Поглядев на приунывшего Зворыку – это сколь же гривен выкинуть придется ради почета такого, – Константин приободрил его:
– Те дома каменные, что под склады пойдут, нам к выгоде большущей обернутся. Мы же их не подарим, а внаем сдавать будем. Считай, что борти пчелиные ставим, чуток потратимся поначалу, зато потом до скончания века с медом будем.
– Ага, совсем чуток, – скептически хмыкнул Зворыка.
– Так ведь и купцы столько гривен потом отдадут за первый же год, сколько ты с меда за десять лет не выручишь.

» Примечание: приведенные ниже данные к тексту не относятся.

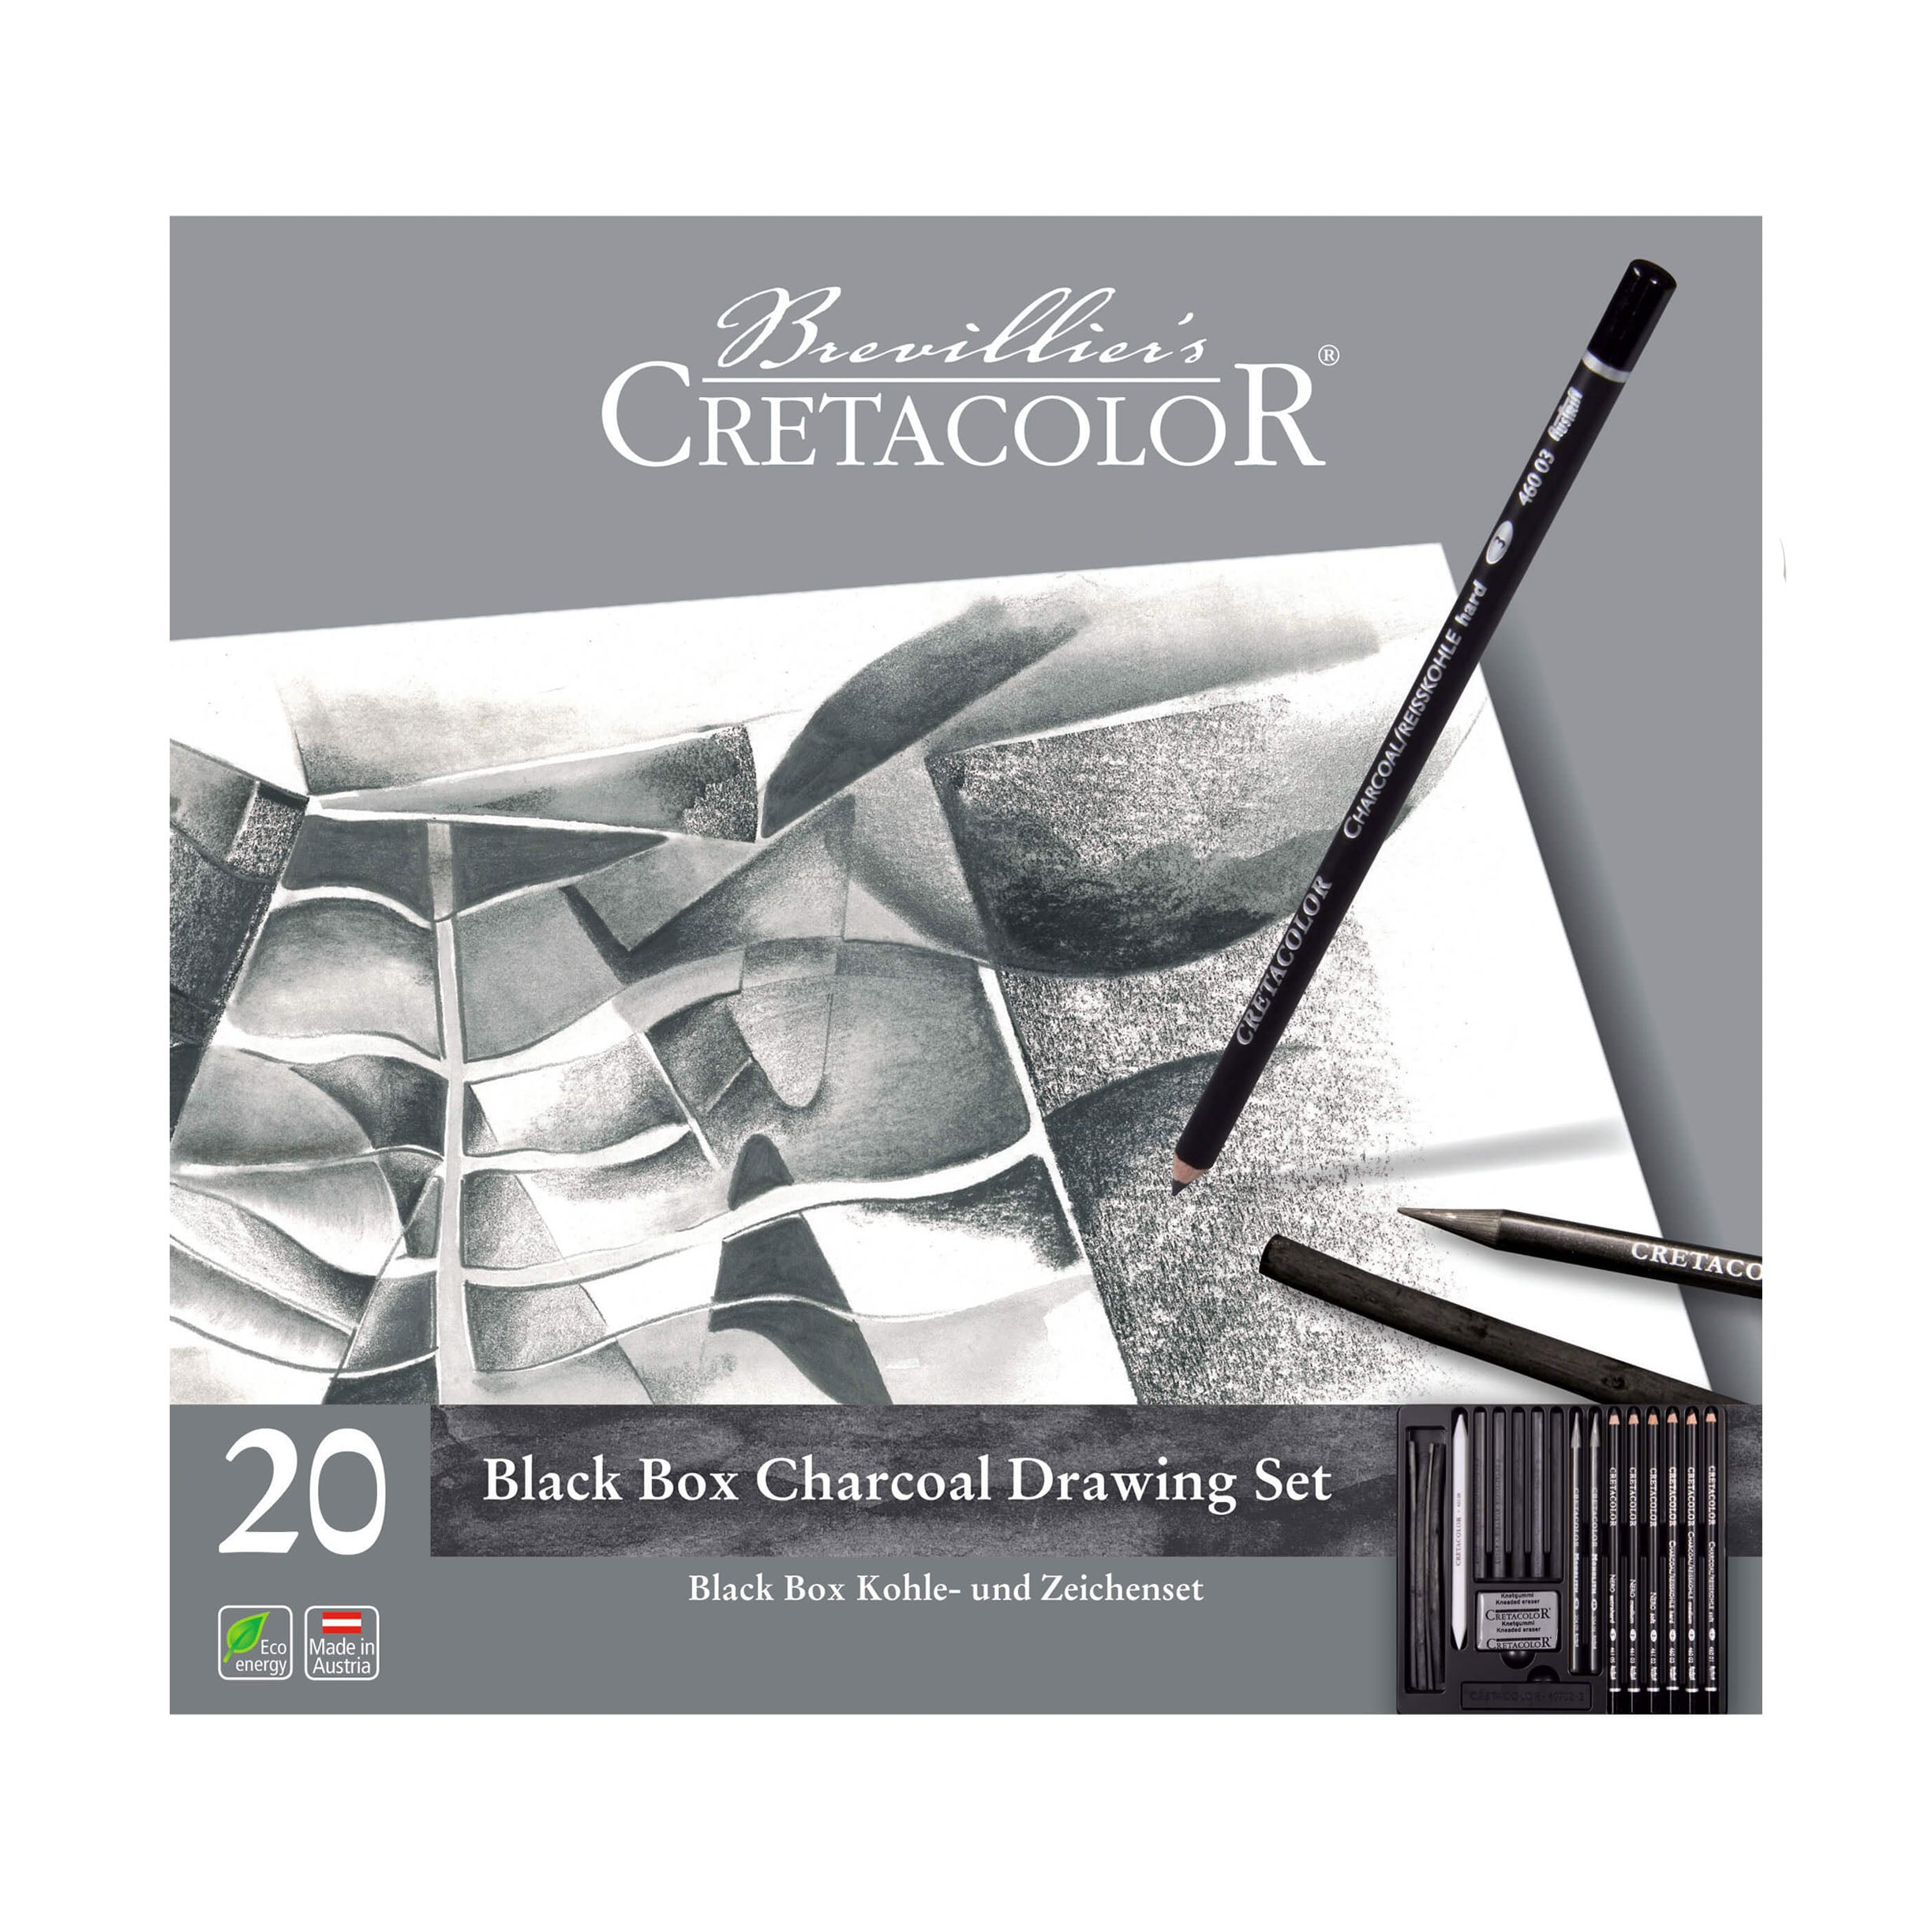 The Black Box Charcoal Drawing Set by Cretacolor! #charcoal

Какой вклад, такая и реза.
– Ну, ежели с кажного… – ударился Зворыка в сложные подсчеты и после минутного беззвучного шевеления губами уважительно глянул на князя. – За пяток лет, полагаю, они нам полностью все расходы окупят, а далее чистая прибыль пойдет. А ежели дома для люда ремесленного тоже внаем отдадим, то тогда и вовсе прибыток на третий год пойдет, хотя смотря сколь брать…
– Это ты брось, – резко оборвал новый виток подсчетов своего дворского князь. – Кого обдирать собрался? У них же кроме рук с мозолями ни куны за душой. Хочешь, чтоб тебя, да и меня заодно живоглотом да кровососом величали? Не с чего им платить.
– А работой своей, изделиями? – не согласился Зворыка.
– Работой своей и мастерством они славу Рязани принесут, а это подороже всех гривен будет, – отрубил князь. – Сказал – бесплатно, значит, так оно и будет, – и уже более мягко добавил: – Не боись. Пока я с тобой, лари с сундуками не опустеют. Я ж знаю – князь без серебра, что блоха без собаки. Как ни прыгай, как ни суетись, а все равно кушать нечего. Только ты их не там найти хочешь. С мастеровых да смердов по селищам семь шкур драть негоже. С них одну взять – многовато будет. А вот на торговле – иное дело. Пока аренда только, ну и пошлины еще, а потом и сами начнем караваны в дальние страны налаживать. Там и вовсе на каждой гривне по пяти возьмем. Придет час, мы и Новгороду нос утрем.
Он еще много чего насулил своему дворскому, так что уходил Зворыка вдохновленным.
Успел Константин навестить и Всеведа, который тоже изрядно сдал, и чувствовалось, что жить старику осталось недолго. От силы – год-два, не больше. Потому и вернулся он в Рязань с тяжелым осадком на душе.
Впрочем, в столице было не легче. Трупов было не десятки – сотни, да, пожалуй, столько же, если не больше, раненых и обожженных. Для них, увечных да болезных, первым делом отстроили барак, где всем заправляла Доброгнева. Она, слава богу, почти не пострадала, только на левой стороне головы изрядно подпалила волосы.
Княжич от отца не отставал – на равных помогал взрослым, иной раз, по поручению князя, даже руководил кое-какими работами. Смерть матери-княгини он воспринял тяжело, но уже как-то по-взрослому, понимающе.
А у Константина голова шла кругом. Трупы, раненые, погорельцы – обо всех надо позаботиться. А ведь был еще и сам город – завалы, стены, склады… К тому ж настроение стойко держалось на уровне намного ниже среднего. Ловил иной раз на себе взгляды людей Константин, а в глазах у них читалось: «Ежели бы ты, князь, в Рязани был, и беды этой страшной не случилось бы. Почто бросил нас и уехал невесть куда? Почто за себя мужа серьезного не поставил, а на мальцов своих понадеялся?»